Like all of the Romance Series films, this one has great female and couples appeal, including a plot line that's worth following. The acting won't win Academy Awards, but it's better than in most adult films. The actors and actresses seem to enjoy their roles and are good-looking in a natural way. Most female viewers will appreciate the presence of pubic hair and real breasts. Production quality is high, and the music is decent--not the typical hard-thumping porn soundtrack.

The sex scenes show connectedness and chemistry. There's teasing and tenderness, kissing and caressing. You know: romance. No emphasis on close-up, gyno shots. No focus on penetration. And no facials, which most women dislike. Pop-shots are kept below the neck.

As Samantha Ryan, female lead in Recipe for Romance, explains in the "behind the scenes" extra (see, some people watch that stuff!), "So many movies don't portray real sex," adding, "We want to see what's real, what's true passion." Asked about the appeal of the Romance Series, she says, "These movies bring out that side which I think is really what people are doing more at home," and after additional thought, continues, "For women, we're not just looking for hot people having sex, we want the whole thing . . . getting into the storyline . . . getting really into it . . . real, romantic sex."

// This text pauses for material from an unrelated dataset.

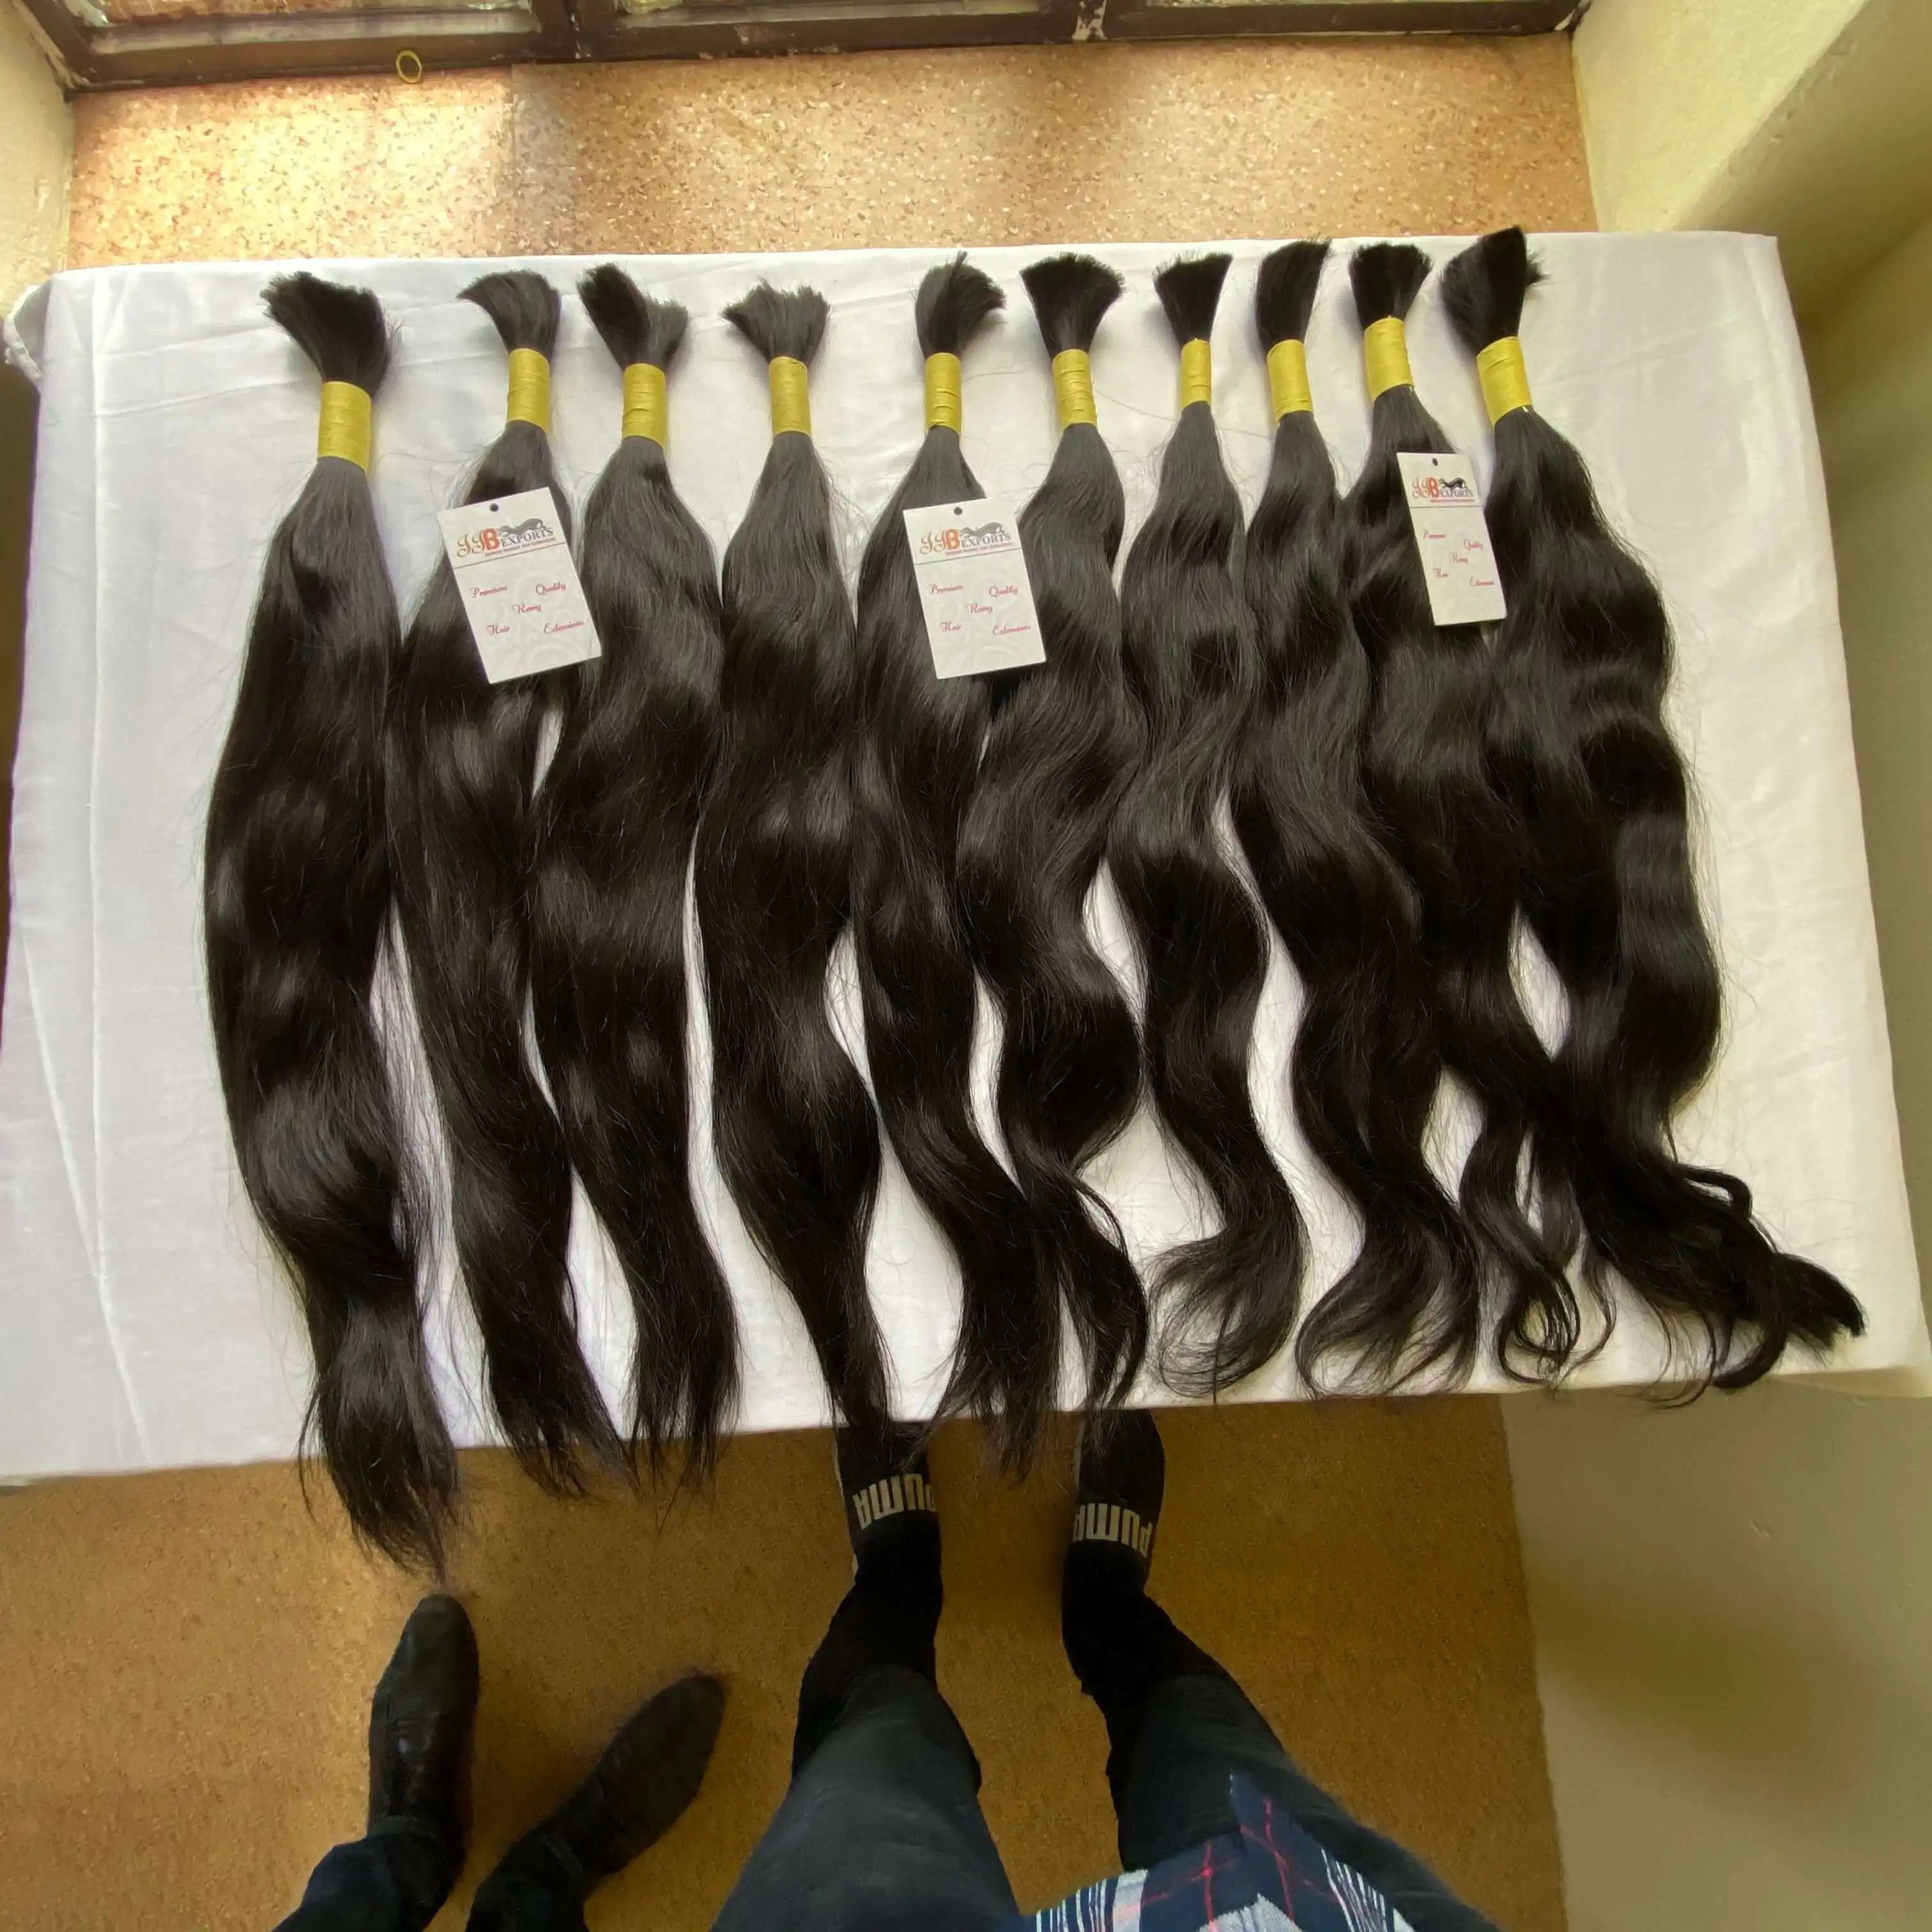 סיטונאי בתולה ברזילאי/קמבודי/פרואני שיער טבעי בתפזורת לקנות מהודו, רמי מקדש גלם לא מעובד שיער זמין

Admittedly, I was frustrated and distracted by flaws in some of the food scenes. (Knife skills were terrible, and the chocolate cake was sagging and sad-looking.) But that's the hazard of being both a food writer and sex educator. On the positive side, the bouillabaisse looked pretty good, and certainly had an instantaneous aphrodisiac effect in the movie.

New Sensations notes that the sex scenes "are intended to enhance the story rather than be the focus of the product" and that the series "strives to inspire the mood and let the couples watching take it further." Viewers may have varying perspectives on what they perceive to be steamy, on-screen sex. But they can make steamy, off-screen sex. To that effect, Recipe for Romance is pretty stimulating and hot.

Just as stimulating and hot, if not hotter, than the hot half of Little Sheep's hot pot.